The Particular Poetics of Things

@ Goldfinch

319 N Albany Ave, Chicago, IL 60612

Opening Sunday, November 13th, from 3PM - 5PM

On view through Saturday, December 17th

GOLDFINCH is pleased to present The Particular Poetics of Things, a group exhibition of works by four artists whose site-responsive practices balance an architectural command of space, form, and material with an abiding interest in surface description and the passage of time. Utilizing highly personal and intuitive approaches to a post-Minimalist vocabulary, each of these artists transforms mundane materials into strikingly poetic visual forms.

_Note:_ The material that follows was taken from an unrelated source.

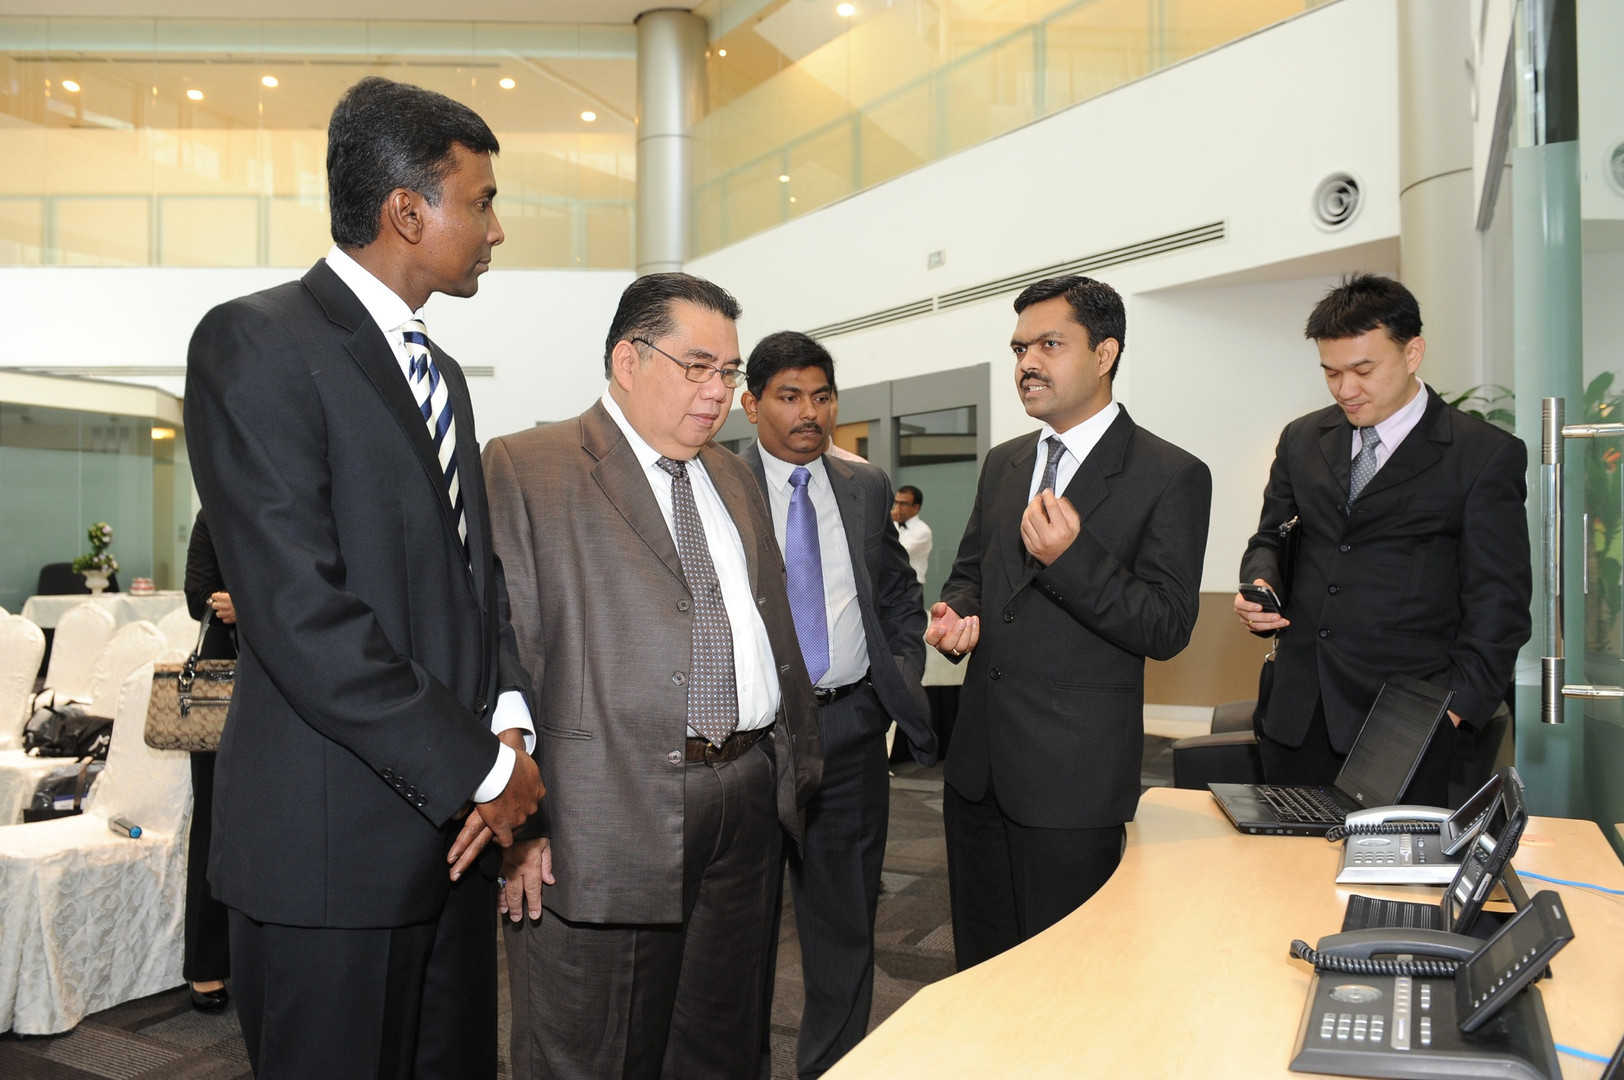 Mr Rahul Kulkarni, Head of Product and B

Rana Siegel’s “ice works” compactly illustrate the interest in temporality, transience and fragility shared by all four artists. Consisting of elegantly looped strips of ribbon or fabric held in place by blocks of ice, Siegel’s small-scale sculptures will slowly dissolve and transform over the course of the gallery’s initial open hours. After the ice melts, the fabric strips will remain, their placement in space no longer supported by a frozen armature but instead determined solely by the forces of gravity and dissolving liquid.

Alchemical transformation of everyday materials is also central to the art of Nazafarin Lotfi, who constructs richly-layered abstract works from newspaper, cardboard, or cast-off items. Intimately-scaled and absent of specific narrative points of reference, her sculptures’ muted palettes and time-worn textures speak instead to the ways in which history and memory accumulate and/or inscribe themselves upon the surface of things over time.

Temporal metamorphosis is likewise enacted in—and activated through—Tina Tahir’s floor piece, which is composed of fragrant spices and brightly colored pigment laid out in decorative patterns like an Oriental rug. Drawing her audience in with ornamental seduction, Tahir lays out designs based on opium poppies and armament graphics meant to suggest socio-political subtexts that have fragmented the Middle East and led to its exploitation by the West. As in all of Tahir’s installations, the audience will eventually be invited to walk on the floor piece, physically dispersing and muddying its rich surface decoration.